All of this taken together helps to explain why President Obama was able to get China to agree to come to Copenhagen and roll out its first-ever set of official emissions limits — an achievement that Scientific American’s David Biello suggested was as important, if not more so, than the Copenhagen summit itself.

So, what will China’s likely emissions cuts look like?   They could look like this:

In September, President Hu Jintao promised a reduction in the amount of emissions measured by unit of output, a concept known as “emission intensity,” by a “notable margin.”

And while the government hasn’t publicly elaborated on what a “notable margin” would boil down to, negotiations are under way and numbers on the table, according to Wu Changhua, greater China director for the Climate Group, a U.K.-based environmental organization.

Ms. Wu said she expects that the government likely to announce a domestic carbon-intensity target before long. Over the next five years, the carbon intensity reduction may be in the range of 60% to 70%, she said, with “a medium-level ambition” for reductions of around 40% by 2020.

“If announced, that would be a huge commitment from China,” said Ms. Wu.
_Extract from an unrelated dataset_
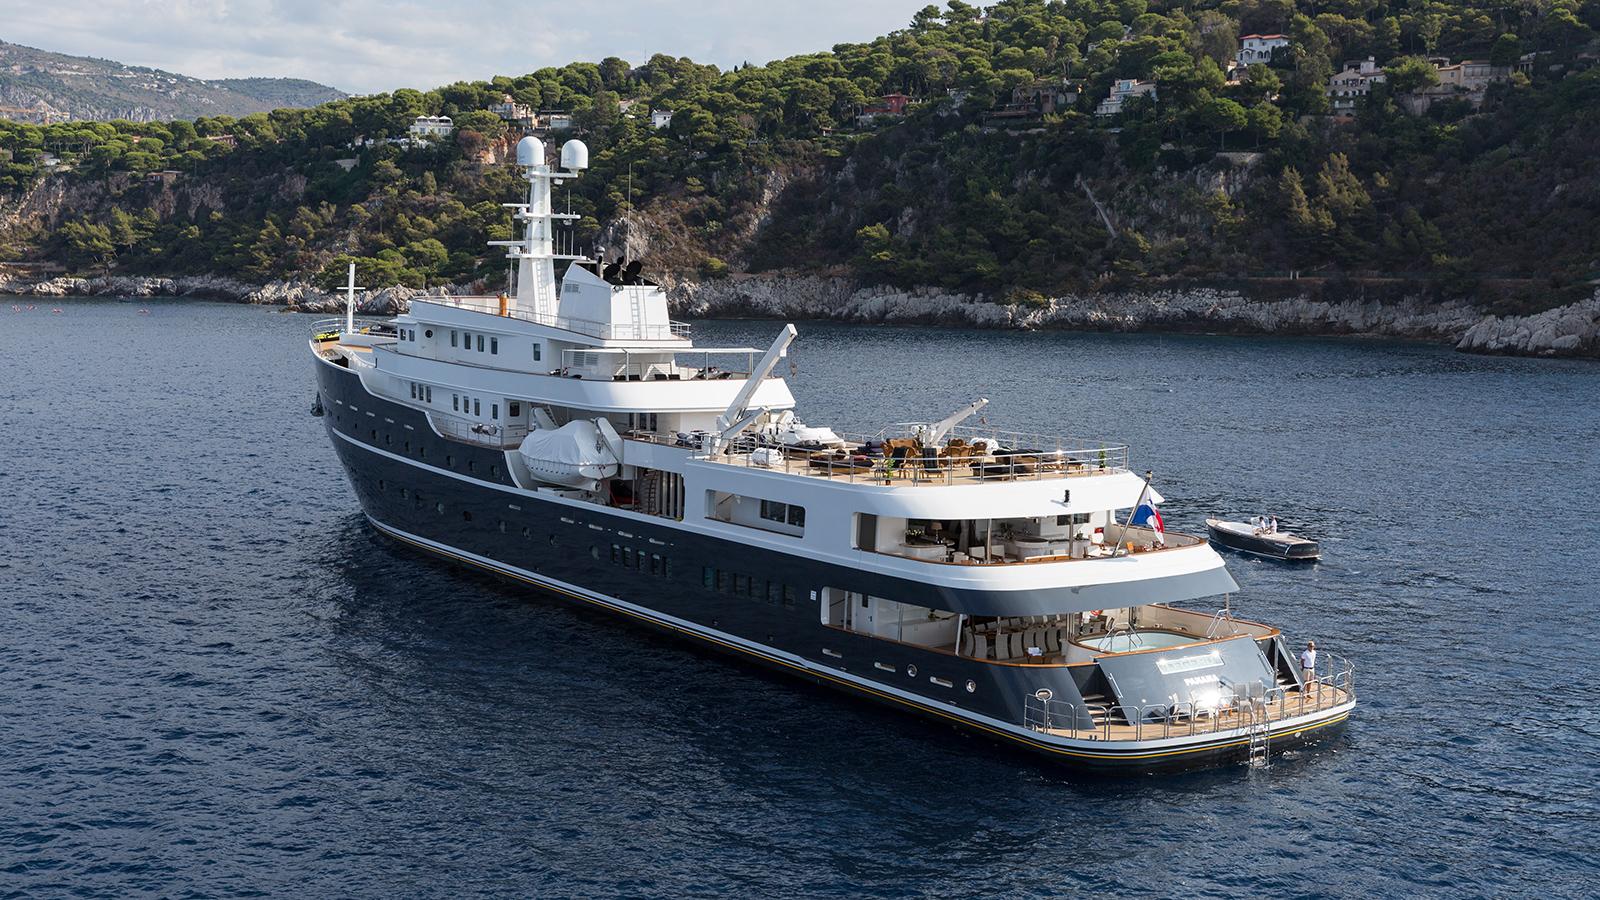 aft-view-of-ihc-explorer-yacht-legend
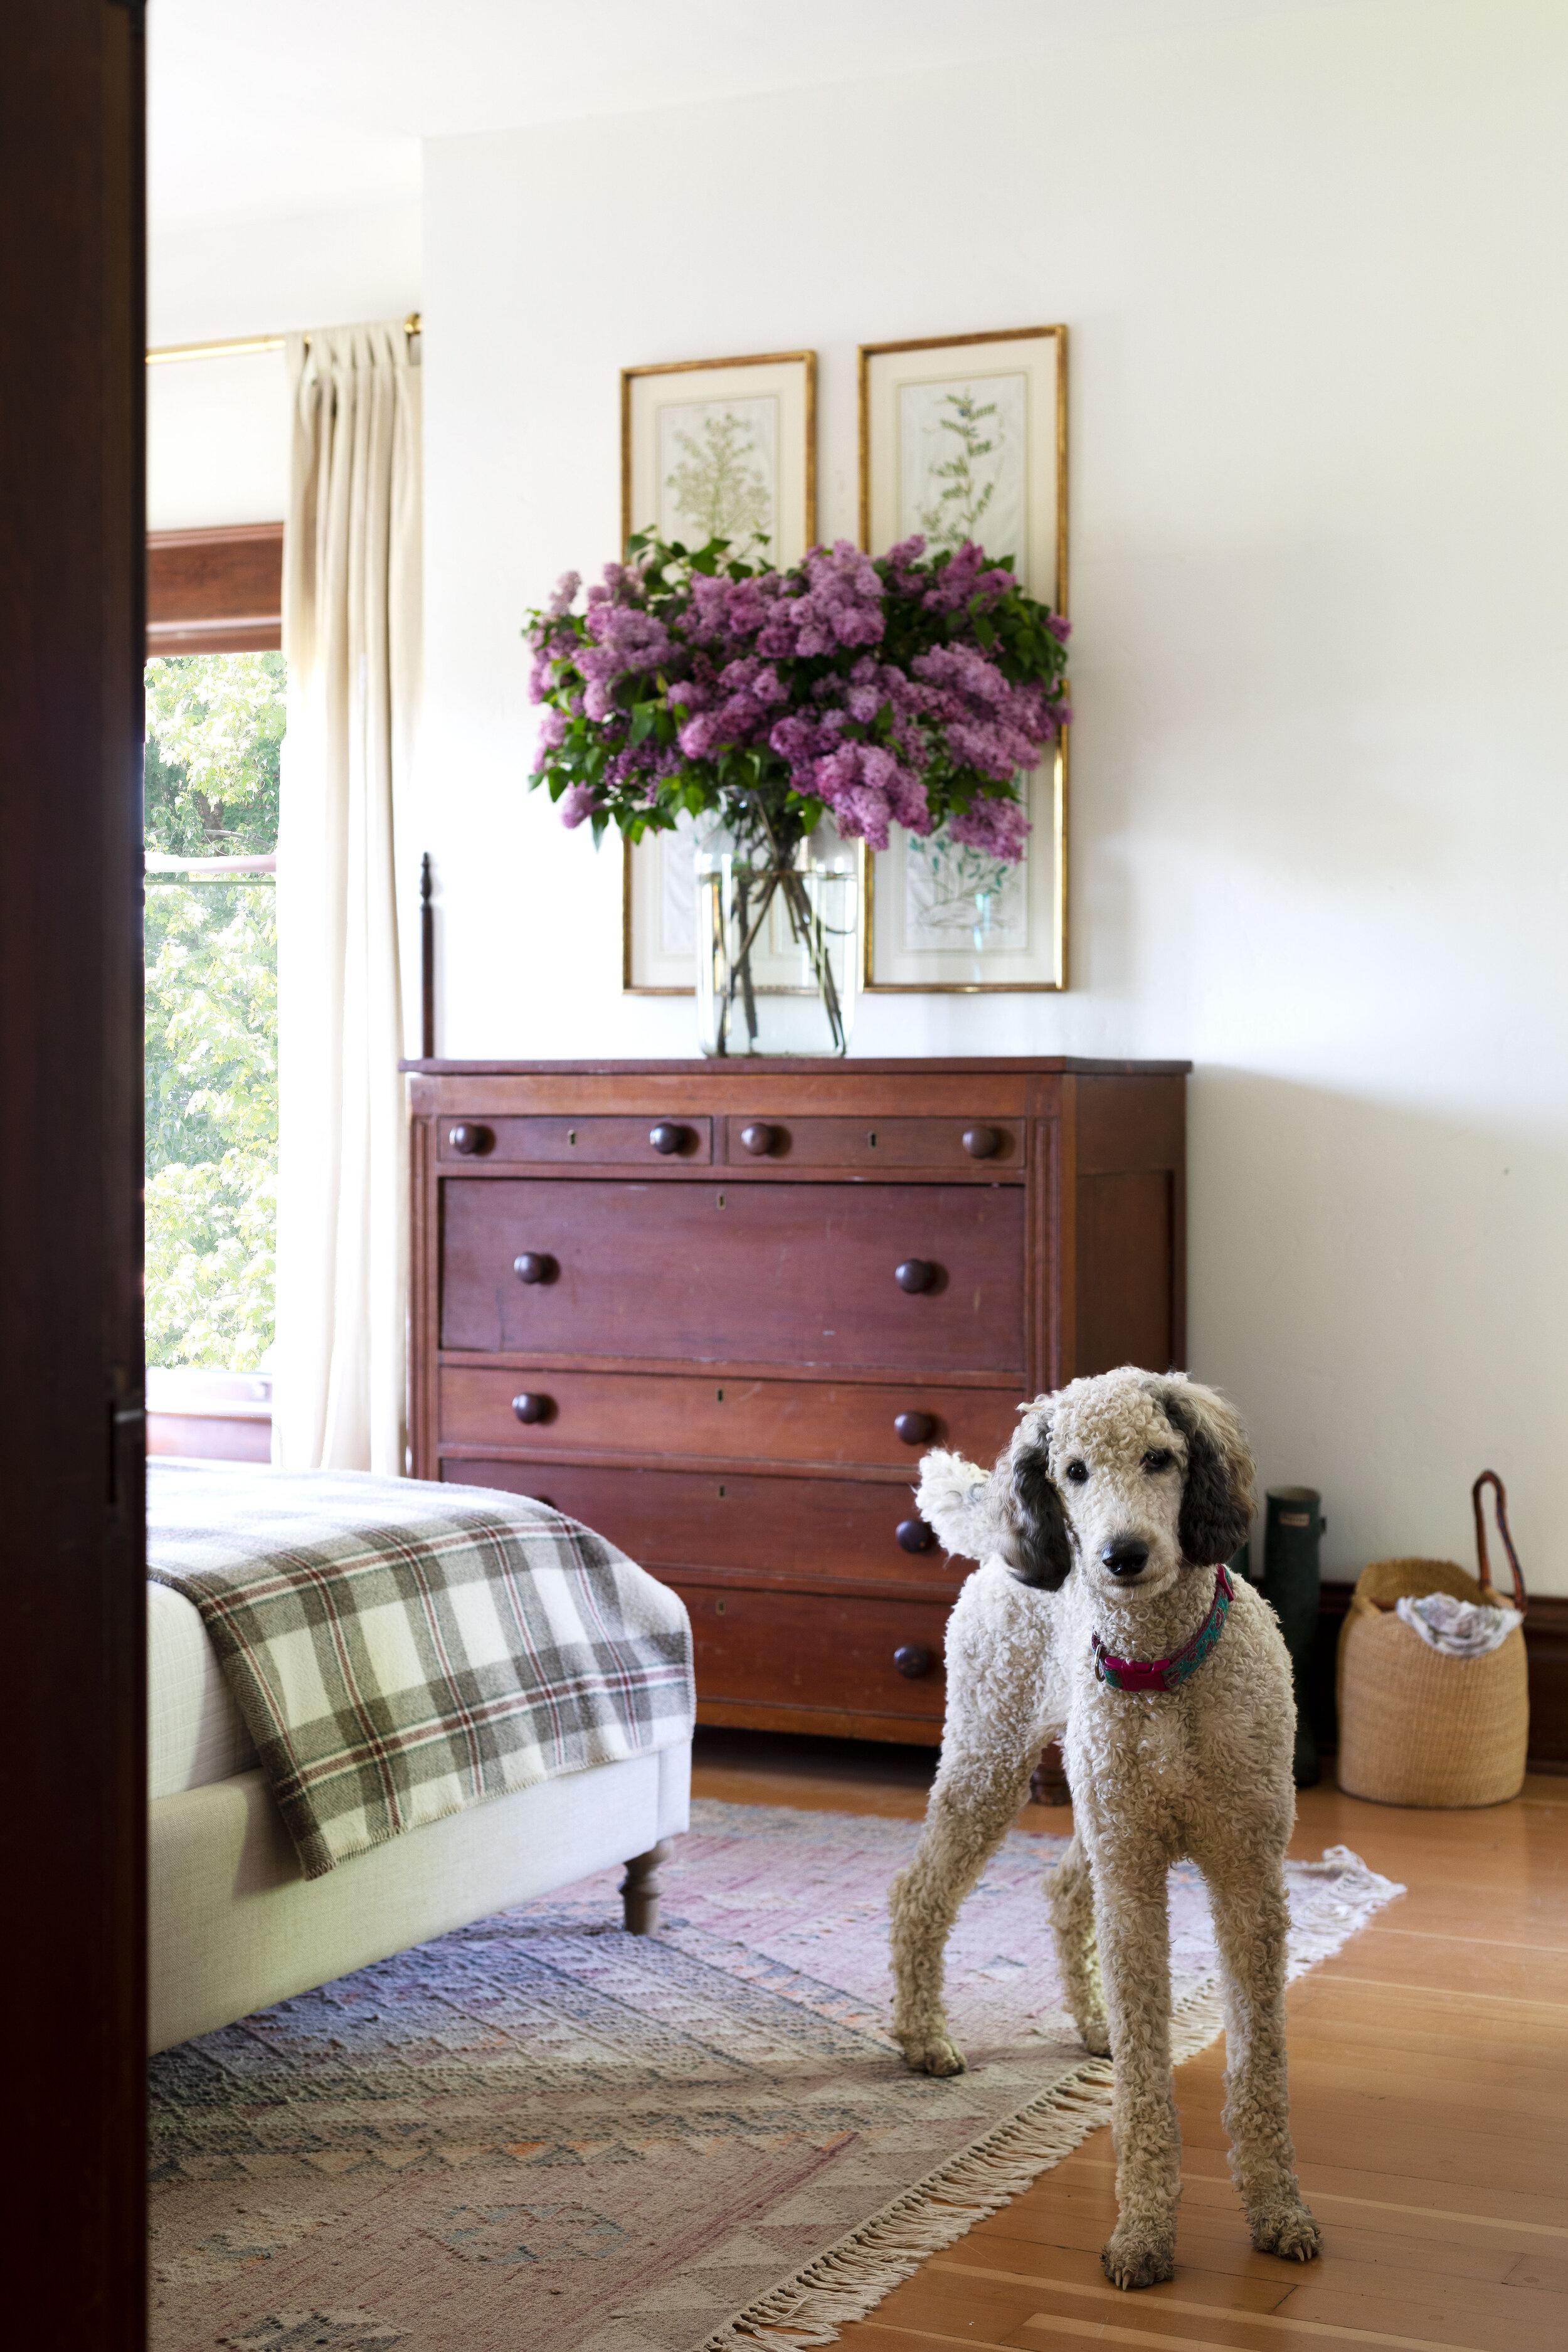 The-Grit-and-Polish---Farmhouse-Bedroom-Lilac-Arrangement-10.jpg

A firm target on emissions reductions from China’s leadership would not face the same type of political wrangling that Obama faces in Congress.

That’s similar to the long-range effects aimed at by Waxman-Markey. And with China in less than a decade coming from almost nowhere to becoming the second-biggest wind-energy producer in the world by this time next year, it’s a goal they are going to work very hard to meet. Now if we can get Congress to work to meet them halfway, that will be something for which we can all be thankful.